5 points of the role of mold temperature on the quality control of injection molded parts

Mold temperature refers to the surface temperature of the mold cavity which is in contact with the products during the injection molding process. Because it directly affects the cooling rate of the products in the mold cavity, thus has a great impact on the inner performance and appearance quality of the products.

1. The influence of mold temperature on product appearance

Higher temperature can improve the fluidity of resin, which usually makes the surface of the parts smooth and shiny, especially to improve the surface aesthetics of glass fiber reinforced resin parts. It also improves the strength and appearance of the fusion line.

As for the etched surface, if the mold temperature is low, it is difficult to fill the melt to the root of the texture, which makes the surface of the product appear shiny and "transfer" the real texture of the mold surface, and after increasing the mold temperature and material temperature, it can make the surface of the product get the ideal etching effect.

2. Influence on the internal stress of the product

The formation of internal stress is basically due to the different heat shrinkage rates during cooling, when the product is formed, its cooling is gradually extended from the surface to the interior, the surface first shrinks and hardens, and then gradually to the interior, in the process due to the difference between the speed of shrinkage and internal stress.

When the residual internal stress inside the plastic part is higher than the elastic limit of the resin, or under the erosion of a certain chemical environment, the surface of the plastic part will be cracked. Studies on PC and PMMA transparent resins show that the residual internal stresses are compressive in the surface layer and tensile in the inner layer.

The surface compressive stress depends on the cooling condition of the surface, and a cold mold causes the molten resin to cool down rapidly, resulting in a high residual internal stress in the molded part. The mold temperature is the most basic condition to control the internal stress, and a slight chance of mold temperature will have a great change on its residual internal stress. Generally speaking, each product and resin has its own minimum mold temperature limit for acceptable internal stress. When molding a thin wall or long flow distance, the mold temperature should be higher than the minimum limit in general molding.

3. Improve product warpage

If the cooling system of the mold is not designed properly or the mold temperature is not controlled properly, insufficient cooling of the plastic part will cause a warpage of the plastic part.

For the mold temperature control, according to the structural characteristics of the product to determine the temperature difference between the Yang mold and the Yin mold, mold core and mold wall, mold wall and insert, so as to use the different cooling and shrinkage speed of each part of the control mold, the plastic part tends to bend to the higher temperature side of the traction direction after demolding, to offset the orientation shrinkage difference and avoid warping deformation of the plastic part according to the law of orientation.

For the shape and structure of completely symmetrical plastic parts, the mold temperature should be maintained accordingly, so that the cooling of each part of the plastic part is balanced.

4. Affect the shrinkage rate of the product

Low mold temperature makes the molecules "freeze orientation" faster, making the melt in the cavity of the freezing layer thickness increase, while the low mold temperature hinders the growth of crystallization, thus reducing the molding shrinkage of the product. On the contrary, if the mold temperature is high, the melt cools slowly, the relaxation time is long, the orientation level is low, and at the same time, it is conducive to crystallization, and the actual shrinkage rate of the product is larger.

5. Influence the heat deflection temperature of the product

Especially for crystalline plastics, if the product is molded at a lower mold temperature, the molecular orientation and crystallization are instantly frozen, and when a higher temperature is used or under secondary processing conditions, its molecular chains will partially rearrange and crystallize the process, making the product deform at even much lower than the material's heat deflection temperature (HDT).
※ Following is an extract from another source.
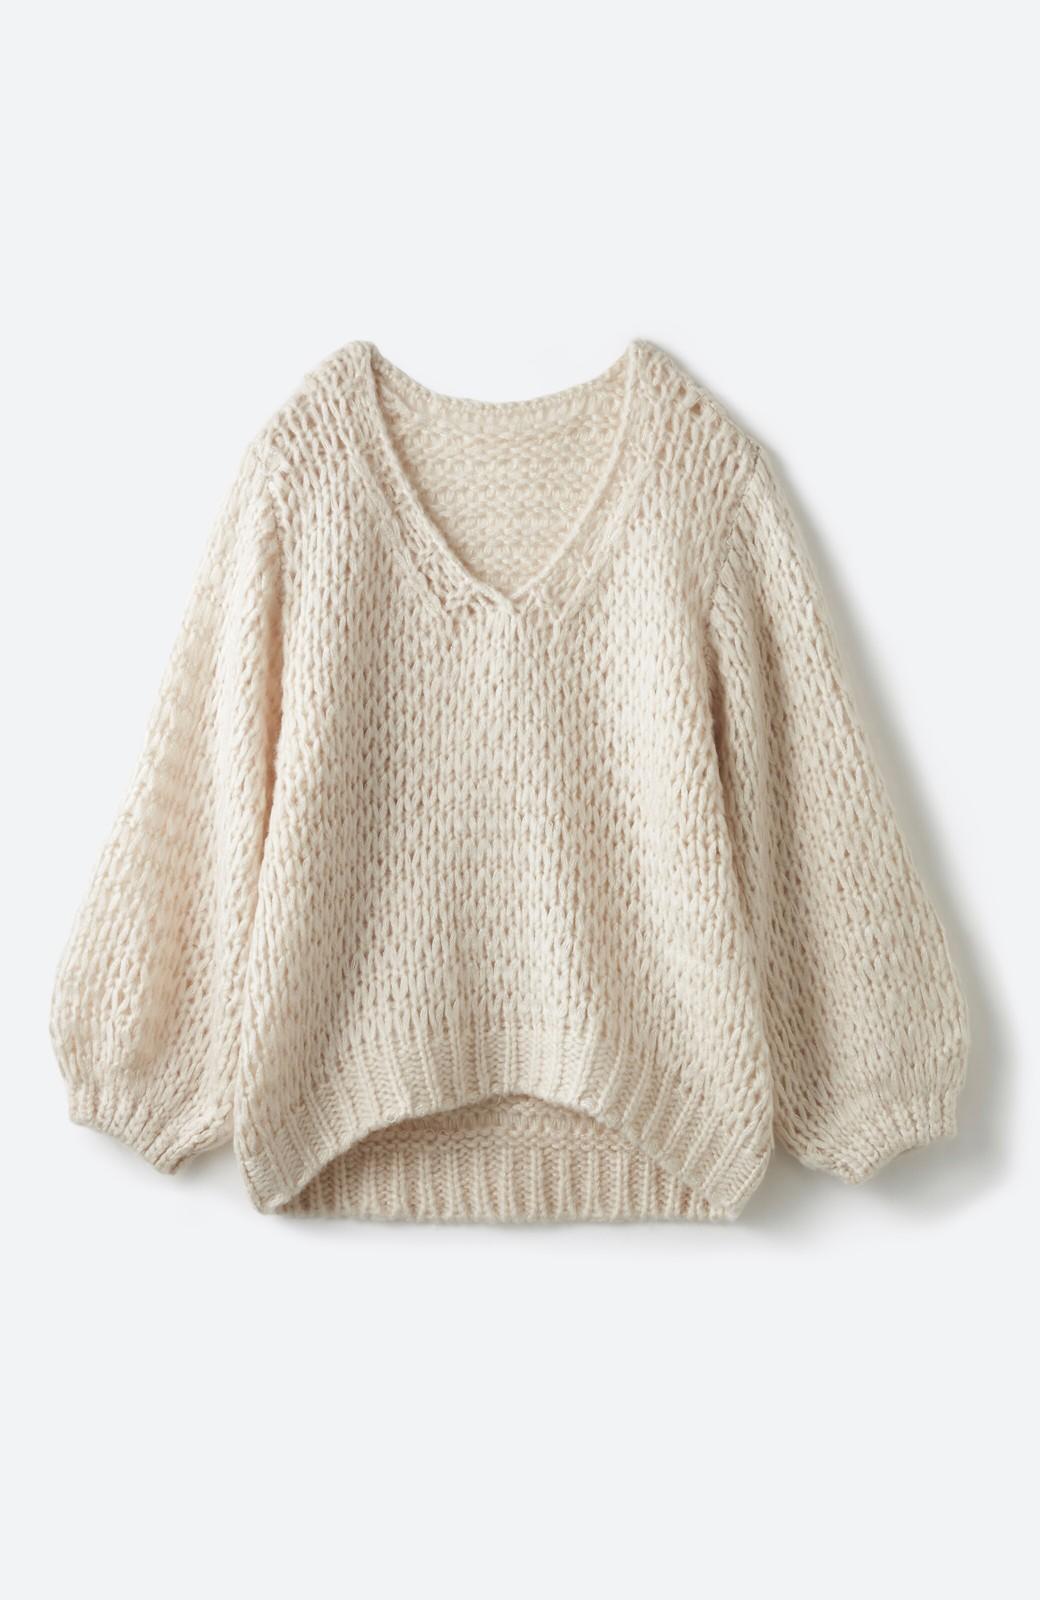 haco! 手編み風のざっくり感で女っぽい Vネックの甘編みルーズニット <アイボリー>の商品写真1

The correct approach is to produce the product at the recommended mold temperature close to its crystallization temperature so that the product is fully crystallized during the injection molding stage, avoiding such post-crystallization and post-shrinkage at high temperatures.

In conclusion, mold temperature is one of the most basic control parameters in the injection molding process and is also a primary consideration in mold design. Its influence on the molding, secondary processing, and end-use process of the product cannot be underestimated.